Outre Renée Vivien, pourriez-vous nous citer quelques textes et auteurs figurant dans votre Panthéon culturel ?
Camille Islert : J’ai un panthéon personnel assez disparate, et qui déborde largement (heureusement) la période sur laquelle je travaille. Difficile de citer des noms ceci dit, parce que hormis le fait que je vais en oublier plein, ces derniers temps, je lis peu pour le plaisir.
Pour les lectures marquantes auxquelles je pense, mais c’est vraiment au fil de ce qui me vient en répondant à l’entretien, en poésie je dirais Joyce Mansour, Robert Desnos parce que ses poèmes d’amour m’ont profondément marquée, Gherasim Luca, Nicanor Parra, Édouard Glissant, Alejandra Pizarnik, Marilyn Hacker…Plus récent, j’aime beaucoup le travail de Rim Battal, celui de Lisette Lombé aussi.
Et puis pour le roman, pareil, impossible de choisir.
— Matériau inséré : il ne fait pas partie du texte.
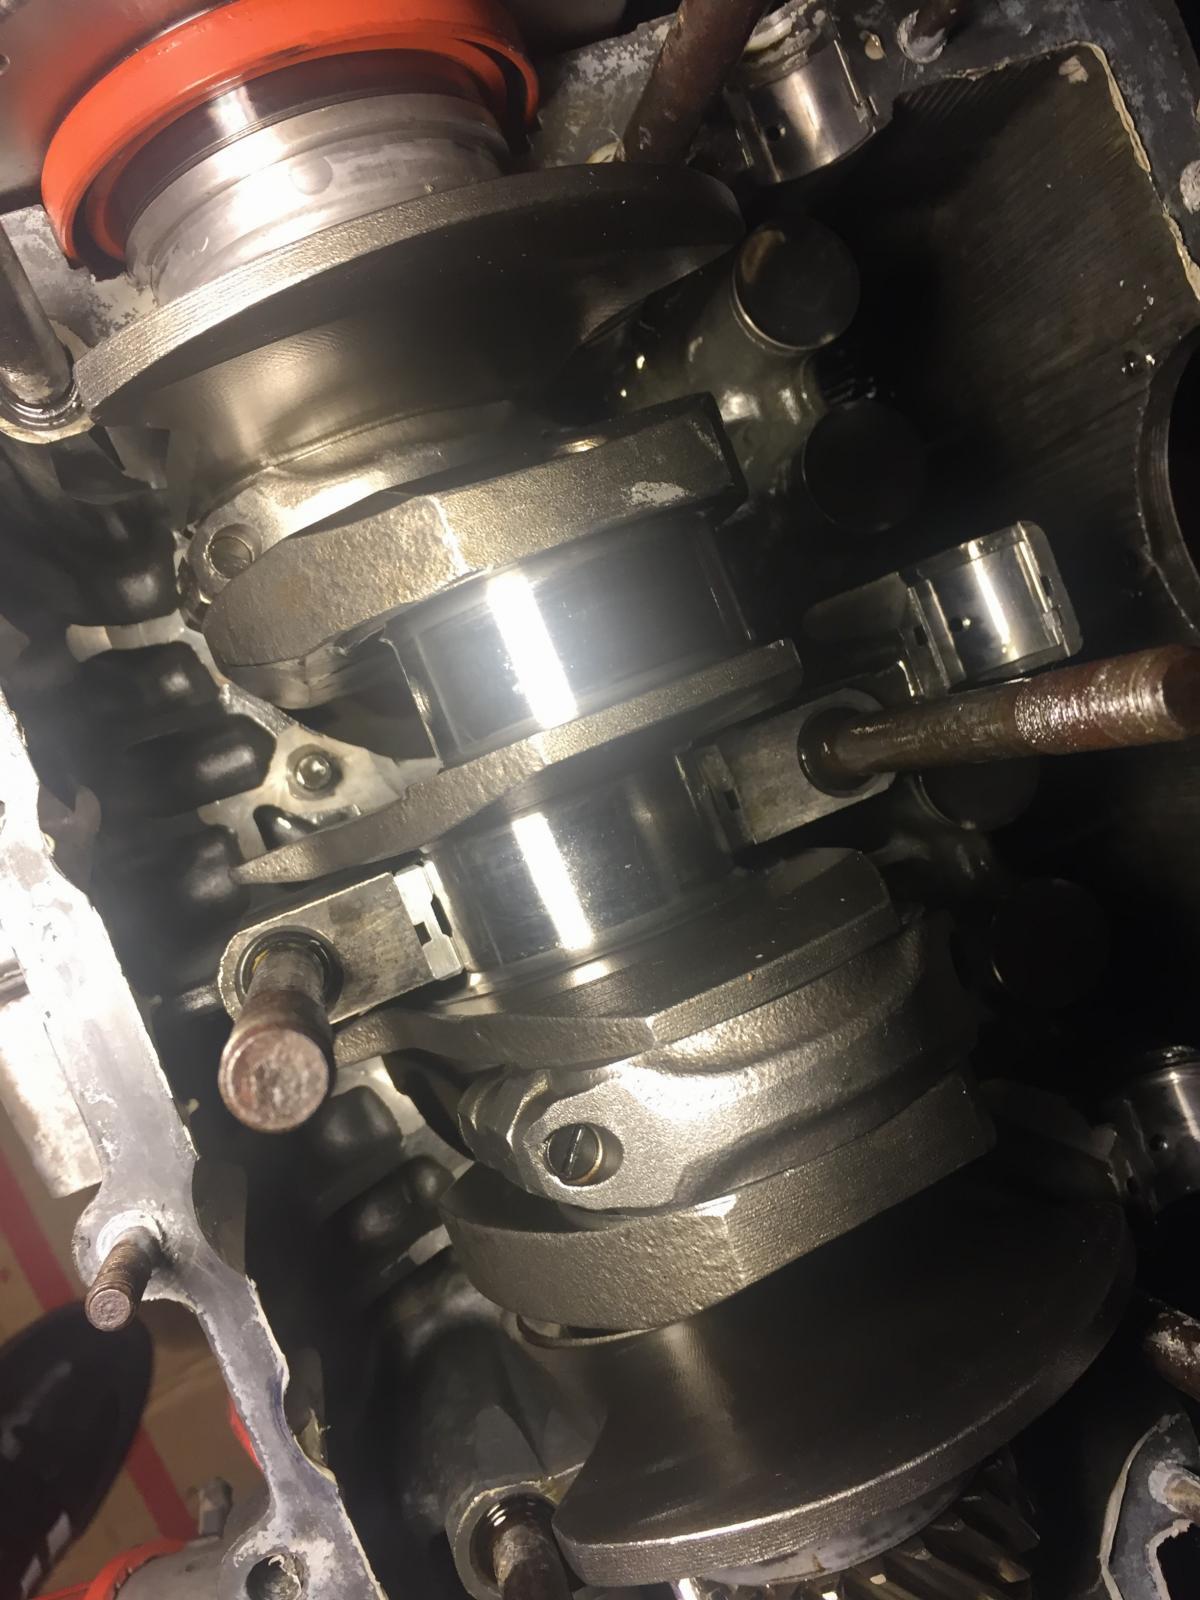 engine teardown.
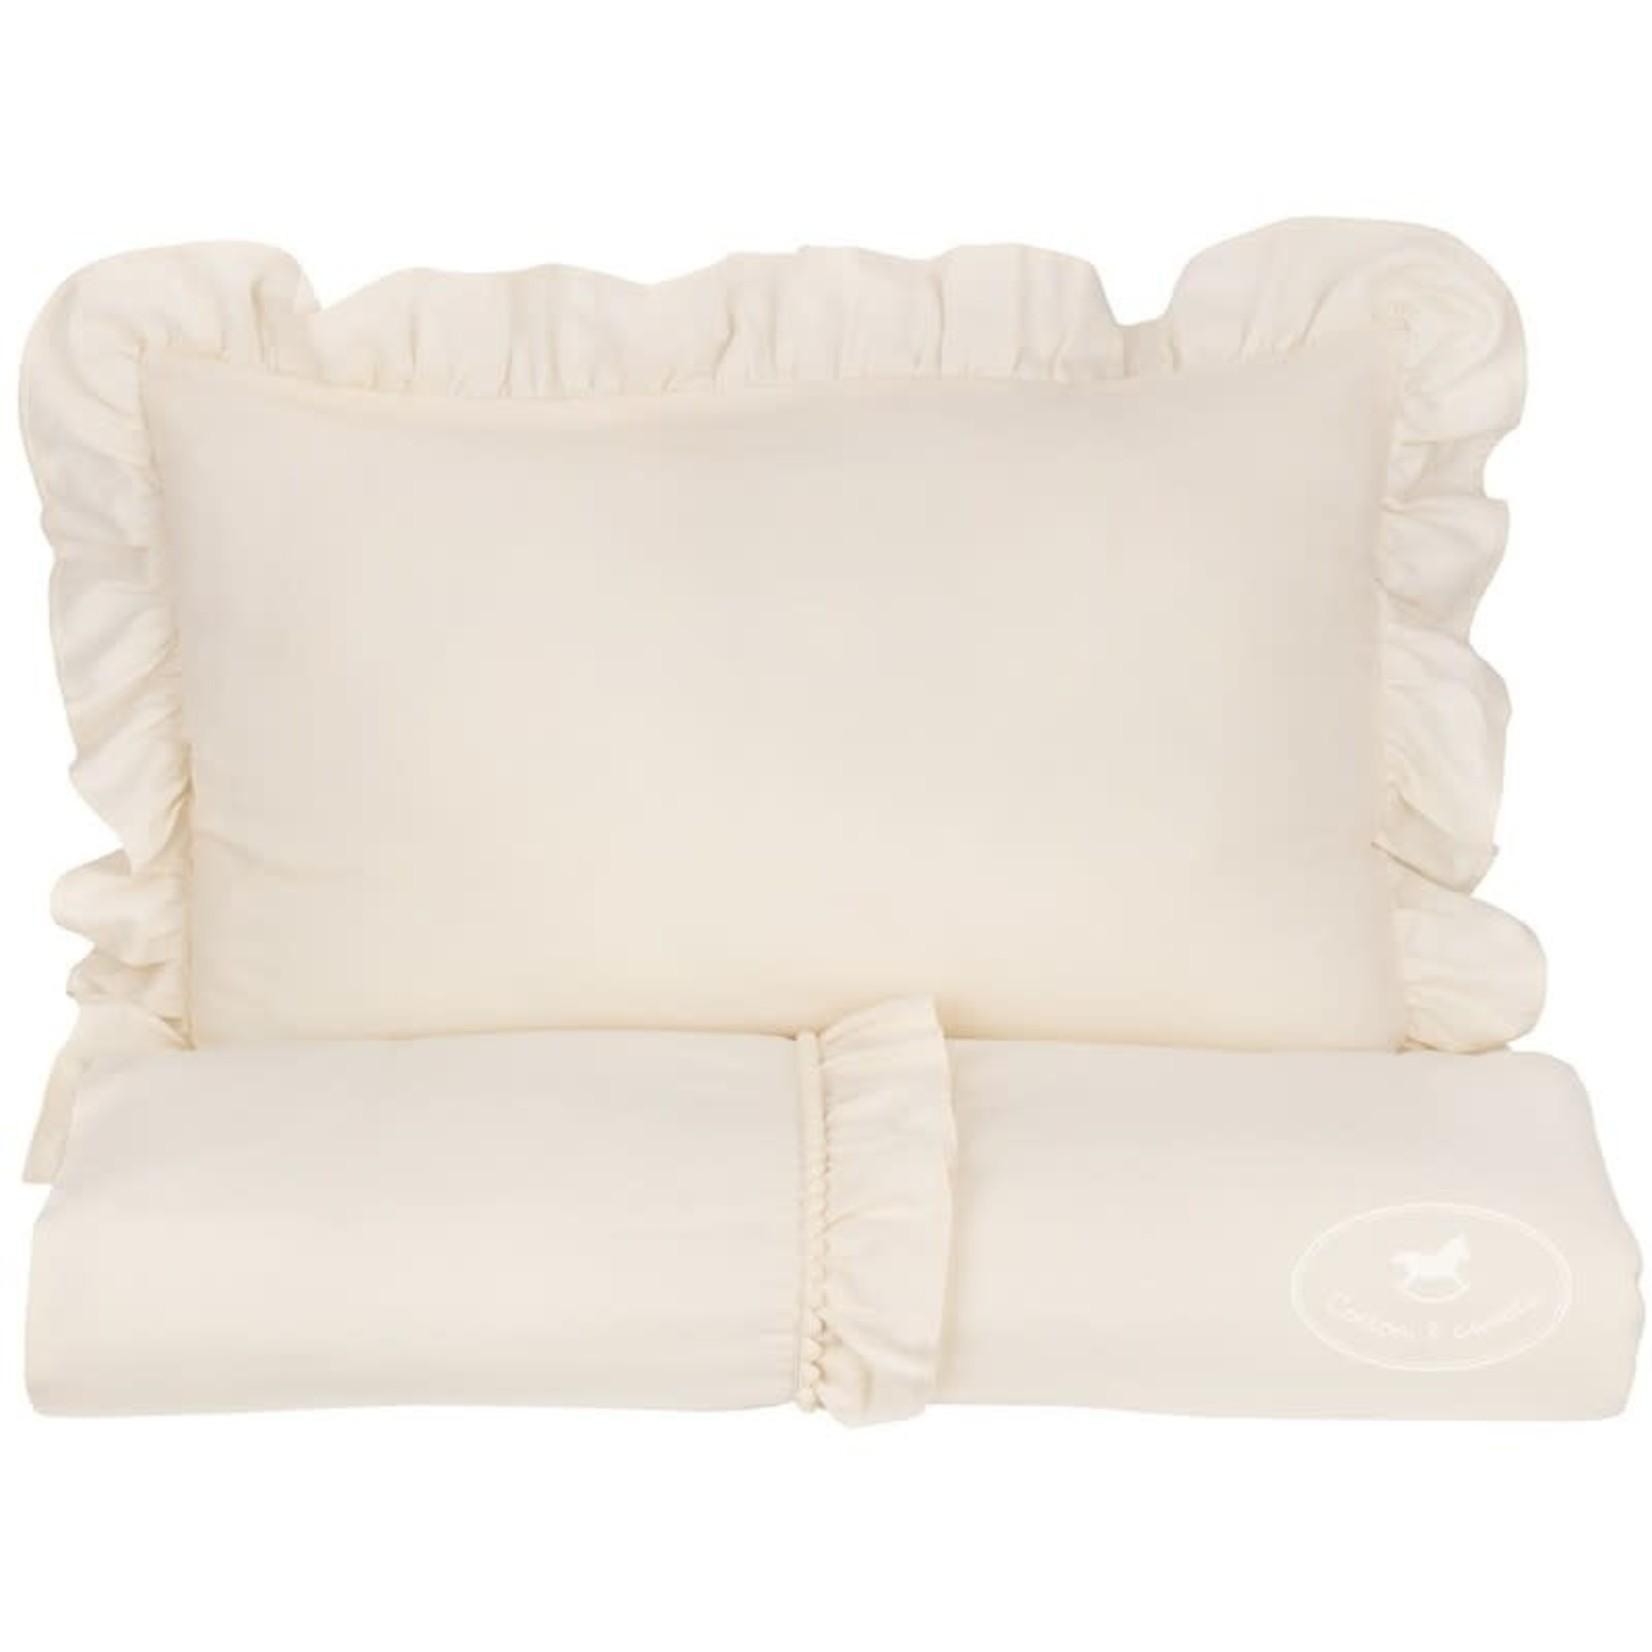 Cotton & Sweets Sheet Boho Offwhite

Dans les lectures qui m’ont vraiment marquée, il y a un peu de tout, dans le désordre, du Perec, Cronopes et Fameux de Cortázar, plus tard Beloved et Home de Toni Morrison, les romans de Richard Brautigan, d’Emmanuel Bove et les nouvelles d’Isaac Bashevis Singer, et puis Violette Leduc…ces dernières années, j’ai été marquée par ma découverte de Grisélidis Réal, et aussi par Mariana Enriquez.
Un dernier mot sur l’apport des autrices lesbiennes à la littérature ?
Camille Islert : Je crois que le mieux pour s’en rendre compte, c’est encore de les lire ! Et d’encourager les militants et les militantes, les associations et les maisons d’éditions qui travaillent à les rendre accessibles.
« Écrire à l’encre violette : Littératures lesbiennes en France de 1900 à nos jours » d’Aurore TURBIAU, Margot LACHKAR, Camille ISLERT, Manon BERTHIER, Alexandre ANTOLIN, Le Cavalier Bleu.